Recall (production mode, threshold 0.50):
| Category | Recall |
|---|---|
| Encoding evasion | 100% |
| Synonym substitution | 100% |
| Homoglyph/Unicode | 95% |
| Structural dilution | 95% |
| Social engineering | 90% |
| Truncation padding | 80% (requires sliding window) |
| Counter-defensive | 80% |
| Implicit instruction | 45% (structural limitation) |
| Fragmentation | 20% (structural limitation; Tier 0 compensates) |
FPR (production mode, held-out eval): 0-33% depending on content type. Best: config/env (0%), worst: agent instructions (33%), workflows (24%).
Cross-Validated Metrics (v3 augmented dataset, 6,340 samples)
5-fold stratified cross-validation on the augmented dataset:
| Metric | Value |
|---|---|
| F1 | 95.51% ± 0.53% |
| Accuracy | 95.71% ± 0.53% |
| Precision | 95.79% ± 1.55% |
| Recall | 95.25% ± 1.21% |
Cross-Validated Metrics (v2 original dataset, 5,671 samples)

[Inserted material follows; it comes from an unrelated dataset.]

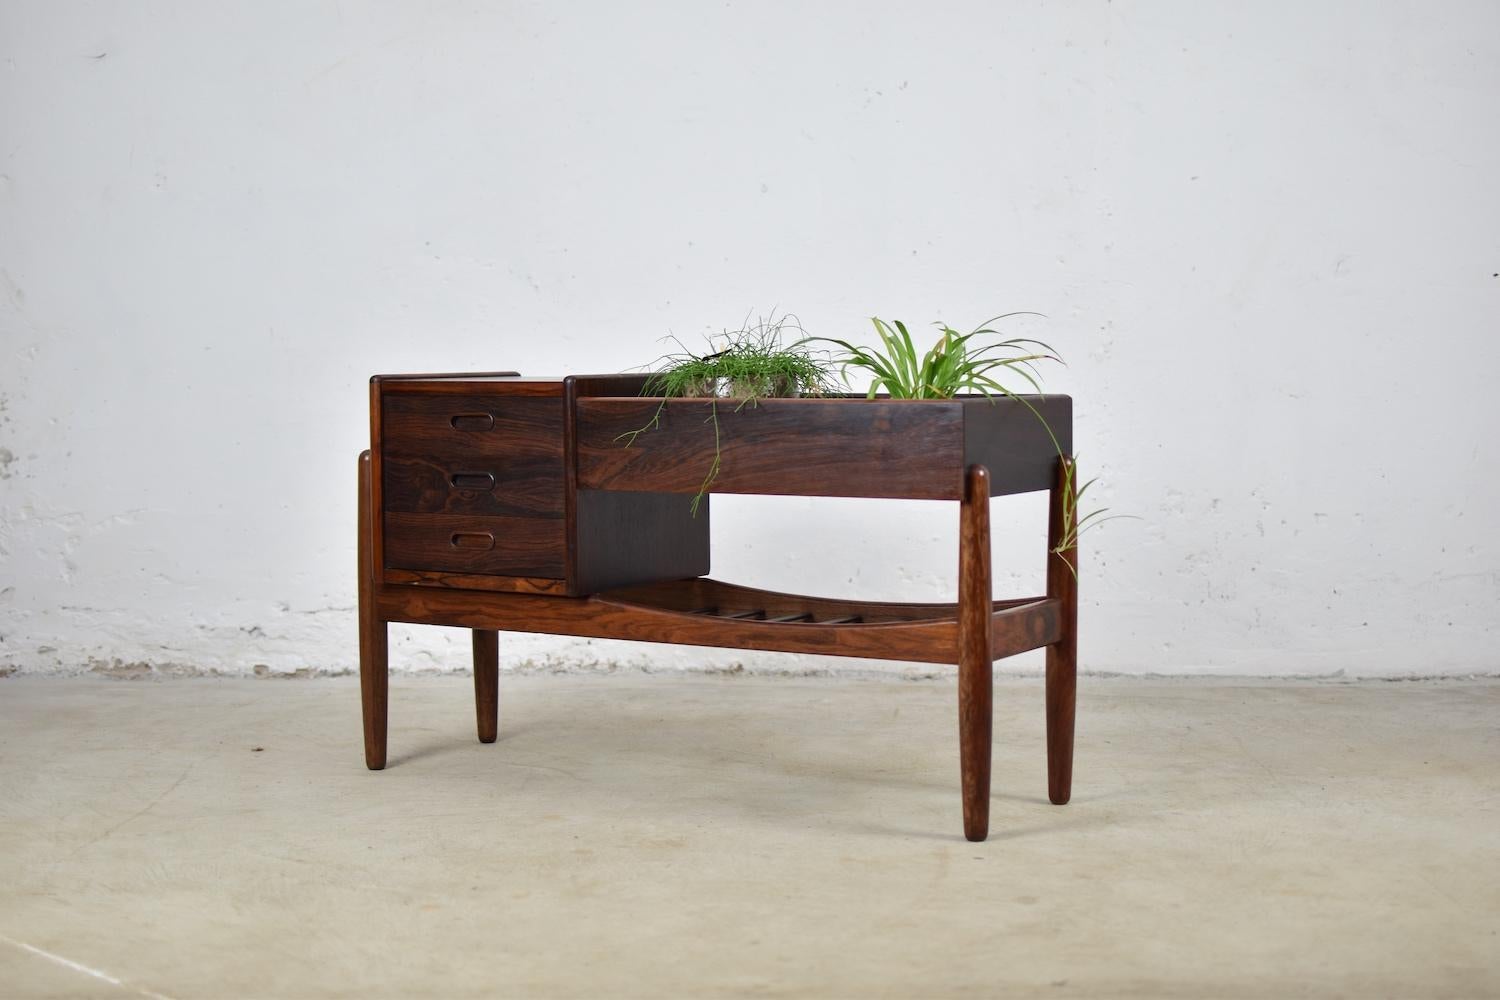 This entry chest was designed by Arne Wahl Iversen for Vamo Møbelfabrik, Denmark 1961. It features a chest of three drawers on the left and a low slated magazine shelf under the planter area, all in rosewood. Finished back, allowing it to be placed

5-fold stratified cross-validation on the original dataset:
| Metric | Value |
|---|---|
| F1 | 95.80% ± 0.65% |
| Accuracy | 95.70% ± 0.66% |
| Precision | 96.23% ± 0.79% |
| Recall | 95.37% ± 0.93% |
Limitations
- Multilingual: Limited non-English training data (~30 samples). Lower recall for non-English attacks.
- 256-token window: Content beyond 256 WordPiece tokens scanned via sliding window (256-token, 128-stride, max 16 chunks). Long benign files may produce false positives from context-free chunks.
- Mean-pooling dilution: Mitigated by line-level code block scanning, but non-fenced prose dilution remains theoretical risk.
- Training bias: Primarily English-language attacks from published research. Novel vectors may evade.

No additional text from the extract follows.